Ingredients
- 2 large russet potatoes, peeled
- 1 white onion
- 2 eggs, beaten
- ¼ cup matzah meal
- 1½ tsp kosher salt
- ½ tsp ground black pepper
- oil, for spraying
- applesauce and sour cream, for serving
Instructions
- Grate the potatoes on the coarse side of a box grater. Place the grated potato in a bowl and cover with cold water to remove the starch. Allow to sit for at least 15 minutes.
- Remove a handful of grated potato from the water and squeeze to remove as much liquid as possible. Place drained shreds in a clean bowl. Repeat until all the potato has been drained.
- Grate the onion on the coarse side of a box grater. Squeeze to remove as much of the liquid as possible. Place drained onion in the bowl with the potato.
- Add the beaten egg, matzah meal, salt and pepper to the onion-potato mixture and stir together with a fork.
- Scoop 1/3 cup of the mixture and form into a patty, squeezing to ensure the mixture holds together.
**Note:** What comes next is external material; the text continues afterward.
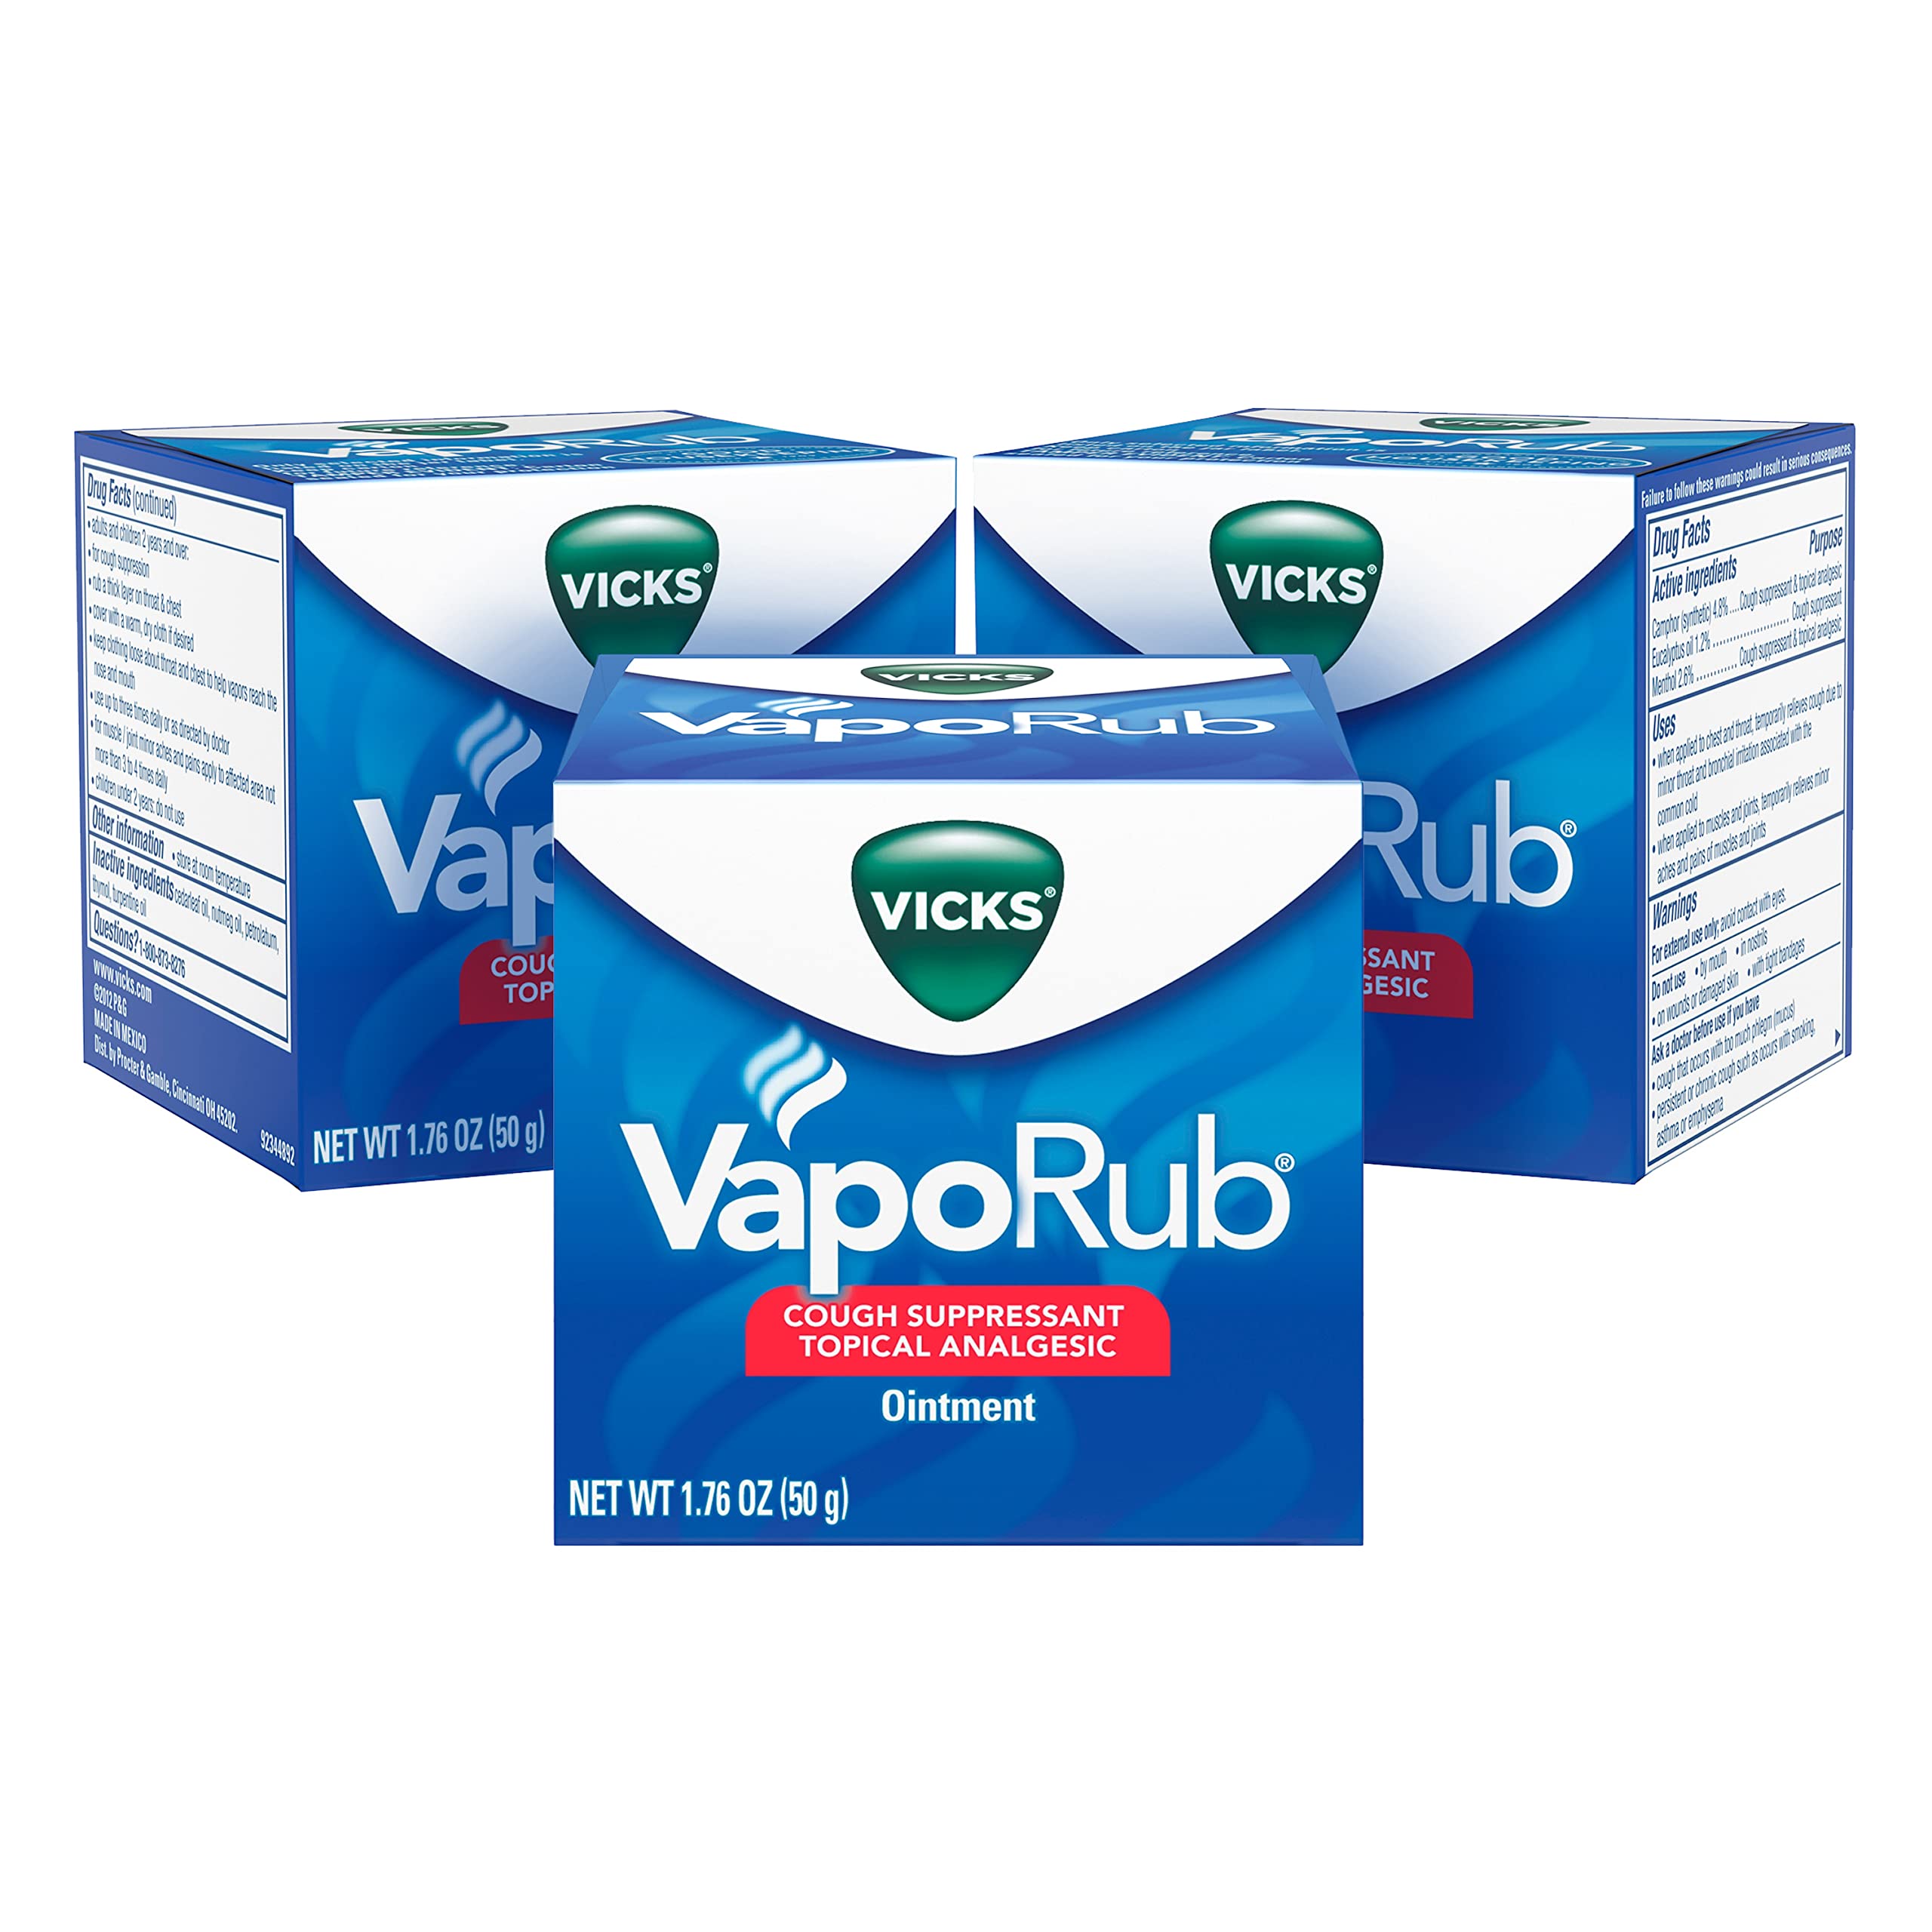 Vicks VapoRub Original Cough Suppressant Medicated Topical

Repeat to form six patties.
- Spray the basket of the air fryer with oil and place the patties in the basket, taking care not to overcrowd them. Spray the tops of the patties with oil.
- Cook at 375°F for 8 minutes, then carefully flip the patties, spray the second side with oil, and cook for an additional 5-6 minutes, until browned and crispy. Remove latkes to an oven-safe platter. Keep warm in a 250°F oven.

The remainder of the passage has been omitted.